Personal information
- Born: January 17, 1961 (age 65) Everett, Washington, U.S.

Career information
- College: Washington (1980–1982)
- NFL draft: 1983: undrafted

Career history
- Western Washington (1983) Running backs coach; Sehome (1984) Offensive line & defensive line coach; Everett (WA) (1985) Offensive line & defensive line coach; Eastern Washington (1986–1987) Offensive line & defensive line coach; Spokane Falls (1988) Head coach; Washington (1989–1990) Offensive line coach; Idaho State (1990–1991) Offensive line, tight ends & running backs coach; Toledo (1992–1996) Offensive line coach; Toledo (1997–2000) Offensive coordinator; Missouri (2001–2008) Offensive coordinator; Wyoming (2009–2013) Head coach; Utah (2014) Offensive coordinator & tight ends coach; Texas A&M (2015) Offensive line coach & run game coordinator; Arizona State (2017) Consultant; Arizona State (2018–2020) Offensive line coach; Panthers Wrocław (2022–2024) Head coach;

Awards and highlights
- MW Coach of the Year (2011);

Head coaching record
- Regular season: 27–35 (.435)
- Postseason: 1–1 (.500) (bowls)
- Career: 27–35 (.435)

= Dave Christensen =

American football player and coach (born 1961)

David Joe Christensen (born January 17, 1961) is an American football coach and former player. He was assistant coach at Arizona State. He previously worked as the offensive line coach and run-game coordinator for the Texas A&M Aggies. He previously served as the offensive coordinator for the University of Utah. He was previously the head coach at the University of Wyoming from 2009 to 2013, where he compiled a record of 27 wins and 35 losses.
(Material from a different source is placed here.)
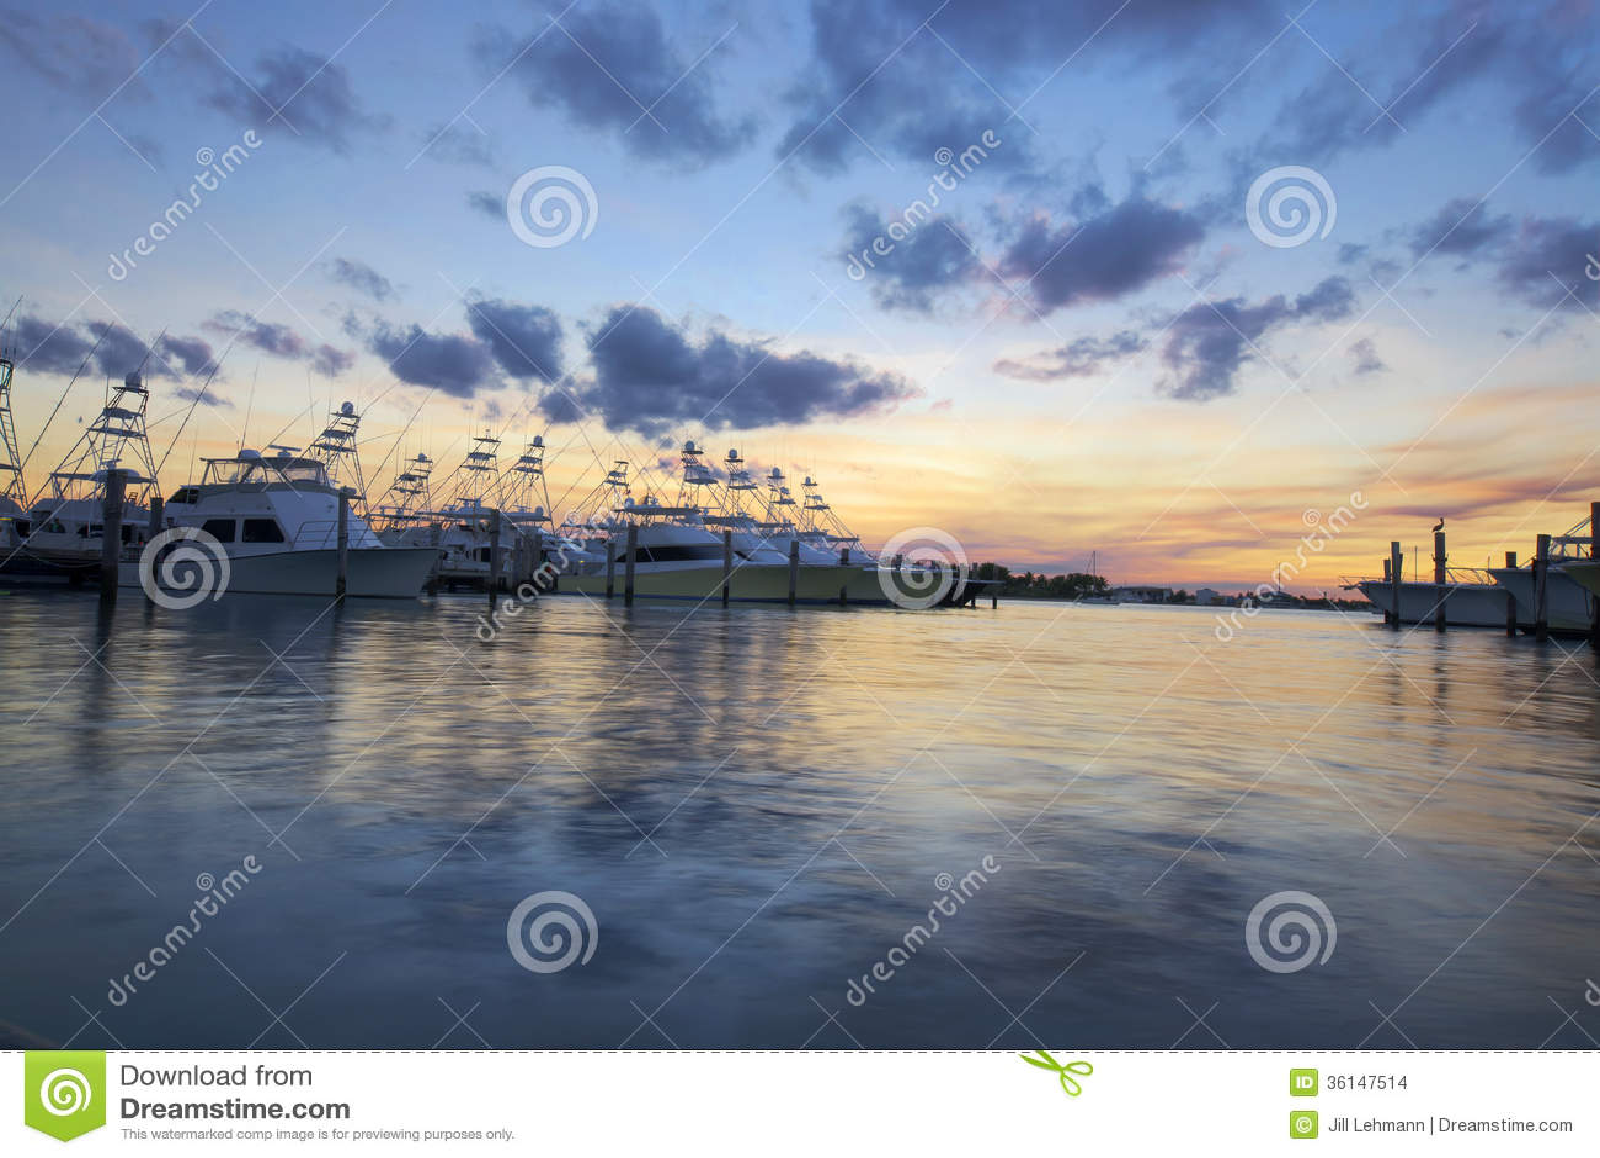 Southern Florida Marina with yachts at dusk

Prior to Wyoming, Christensen was the offensive coordinator for the University of Missouri and the University of Toledo.

==Early life==
A native of Everett, Washington, Christensen attended the University of Washington in Seattle, where he played under head coach Don James on the Huskies football team from 1980 to 1982. He earned a B.A. degree in sociology from Western Washington University in 1985 and a M.S. degree in sports science from Eastern Washington University in 1988.

==Coaching career==
Christensen was formerly the assistant head coach and offensive coordinator for the University of Missouri. He served as an offensive assistant under Gary Pinkel for 19 years, including the last 16 as his offensive coordinator. He first joined Pinkel at the University of Toledo in 1990 as offensive line coach, and was promoted to offensive coordinator in 1992. Pinkel left for Missouri in 2001, and brought Christensen along as his offensive coordinator. From 2005 to 2008, Christensen employed a passing-oriented version of the no-huddle spread offense.
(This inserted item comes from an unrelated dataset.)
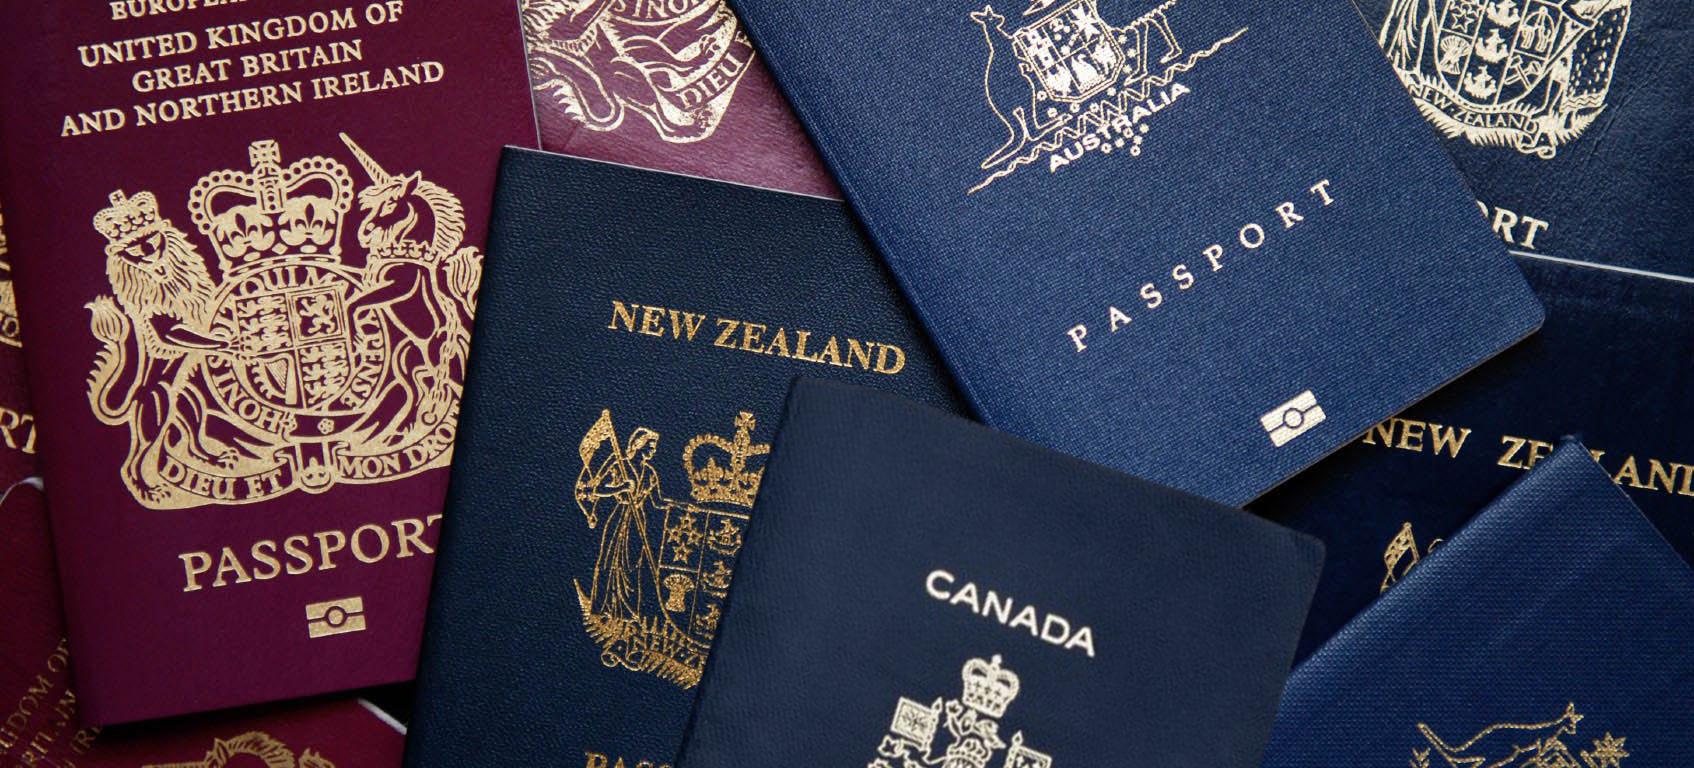 Консерваторы поддержали свободное передвижение между Канадой, Великобританией, Австралией и Новой Зеландией

In the 2007 season, Christensen's offense used this scheme to good effect by scoring a school record 558 points. Additionally, Missouri ranked fifth in total offensive yards (490.29 per game), eighth in scoring offense (39.86 points per game), and ninth in passing yards (314.07 per game). The same season propelled Chase Daniel to Heisman finalist status. Martin Rucker and Jeremy Maclin were named consensus All-Americans, making it the first time two Tigers were named as such in the same season. Christensen himself was a finalist for the Broyles Award and Rivals.com named him as the Offensive Coordinator of the Year.

Christensen's name had been mentioned with respect to the head coaching position of several ailing programs, namely, New Mexico, Washington, Washington State, and Wyoming. He ultimately accepted the head coaching job at Wyoming. Christensen led the Cowboys to a 2009 New Mexico Bowl win in 2009 against the Fresno State.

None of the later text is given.